Les deux orthographes coexistent. "Sheremetev" est la transcription anglo-saxonne du russe Шереметев (transliteration scientifique simplifiée). "Cheremetiev" est la transcription française stabilisée depuis le XIXe siècle, fidèle à la prononciation russe (le ш russe rendu par "ch" en français, comme dans "chant"). Les deux formes apparaissent dans les ouvrages historiques français : Cheremetiev est plus fréquent dans les sources françaises anciennes et dans les archives diplomatiques, Sheremetev dans les ouvrages contemporains internationaux. La famille elle-même, dans ses correspondances parisiennes après 1917, utilisait généralement "Cheremetiev" sur ses cartes de visite et ses lettres officielles.
Quels Cheremetiev se sont installes a Paris après la révolution ?
Plusieurs branches de la famille ont rejoint Paris entre 1918 et 1920, principalement par la voie de l'exode via la Crimée et Constantinople. Parmi les figures notables figurent les descendants de Sergueï Dmitrievitch Cheremetiev (1844-1918, historien et mécène), dont les enfants et petits-enfants se sont installés dans le XVIe arrondissement et à Boulogne-Billancourt. La comtesse Anna Cheremetieva, épouse Lobanov-Rostovski, fut une figure des salons russes parisiens des années 1920. Plusieurs Cheremetiev ont travaillé au sein de l'ambassade impériale résiduelle de la rue de Grenelle (jusqu'en 1924, date de la reconnaissance de l'URSS par la France), puis dans les institutions de la diaspora : Foyer russe, Église orthodoxe russe rue Daru, ZemGor (Union des zemstvos et des villes en exil).
Quelle etait la fortune des Cheremetiev avant 1917 ?
Les Cheremetiev figuraient parmi les cinq familles les plus fortunées de l'Empire russe au XIXe siècle, avec un patrimoine évalué par les sources contemporaines à plusieurs centaines de millions de roubles-or. Leur richesse provenait de très vastes domaines fonciers, principalement dans les gouvernements de Moscou, Tver, Yaroslavl et Saint-Pétersbourg, totalisant plus de 800 000 hectares au moment de l'abolition du servage en 1861. Ils possédaient également des palais urbains majeurs : le palais Cheremetiev de la Fontanka à Saint-Pétersbourg (actuel Musée de la fontaine Cheremetiev), le palais d'Ostankino et celui de Kuskovo à Moscou (tous deux aujourd'hui musées), et de nombreuses résidences secondaires. La nationalisation de 1918 a totalement spolié la famille, comme l'ensemble de l'aristocratie russe.

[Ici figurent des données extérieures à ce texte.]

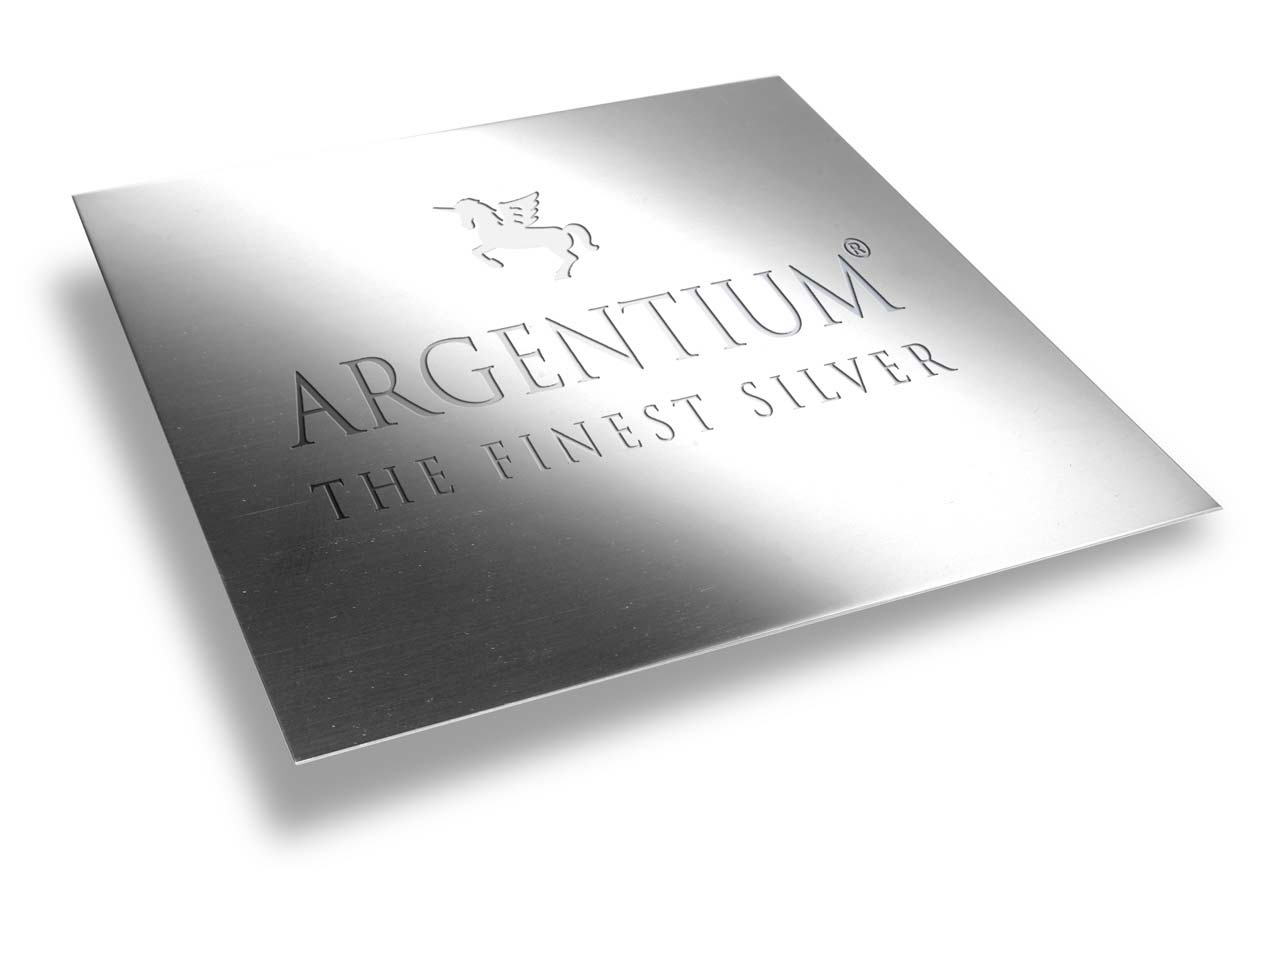 Argentium 940 Silver Sheet 0.70mm Questions & Answers

Quel role les Cheremetiev ont-ils joué dans la vie culturelle parisienne ?
Le rôle des Cheremetiev dans la diaspora russe parisienne fut moins flamboyant que celui des Yousoupov ou des Volkonski, mais réel. Ils participèrent au mécénat discret de l'église Saint-Alexandre-Nevsky de la rue Daru, aux activités de l'Institut d'Études Slaves de la rue Michelet (fondé en 1923), et aux comités de soutien aux réfugiés russes. Plusieurs membres de la famille ouvrirent des salons littéraires modestes où se croisaient des émigrés de toutes générations — vieille aristocratie, intellectuels, militaires des armées blanches. La comtesse Marie Cheremetieva (1880-1955) joua un rôle notable dans la transmission des archives familiales aux institutions universitaires françaises et américaines après la Seconde Guerre mondiale.
Que reste-t-il aujourd'hui des Cheremetiev en France ?

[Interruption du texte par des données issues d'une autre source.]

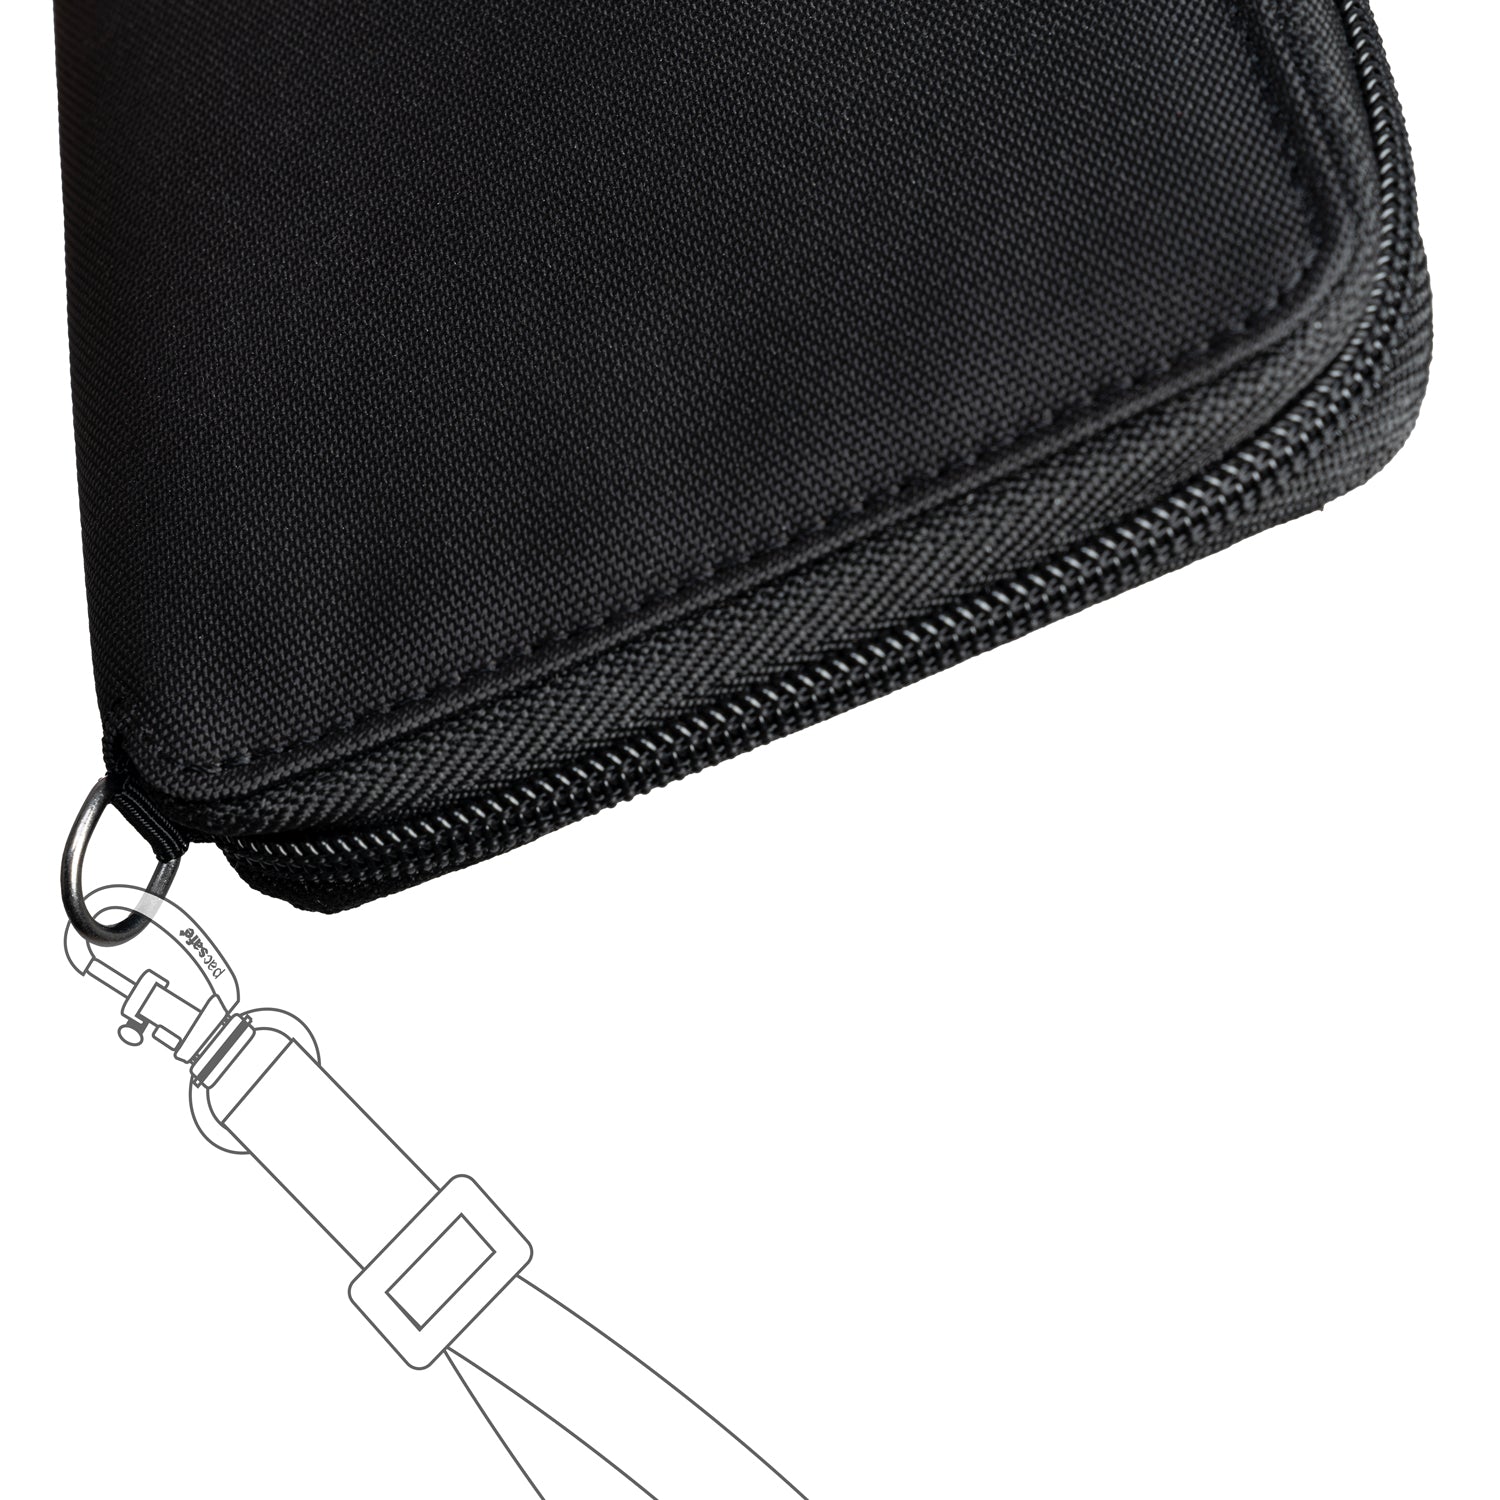 Pacsafe Coversafe V50 - RFID Blocking Passport Protector by Pacsafe ( Coversafe-V50-PP)

Les descendants des Cheremetiev parisiens vivent encore en France pour certains d'entre eux, généralement parfaitement francisés après trois ou quatre générations. Le nom subsiste dans plusieurs branches collatérales. Sur le plan archivistique, l'essentiel des Fonds Cheremetiev en France est conservé à l'Institut d'Études Slaves de Paris (9, rue Michelet, Ve arrondissement) ainsi qu'aux Archives diplomatiques de La Courneuve. En Russie, les palais Cheremetiev d'Ostankino, Kuskovo et de la Fontanka sont aujourd'hui des musées nationaux remarquablement restaurés et visitables. Une partie des bijoux historiques de la famille a été dispersée par les ventes Sotheby's et Christie's au cours du XXe siècle.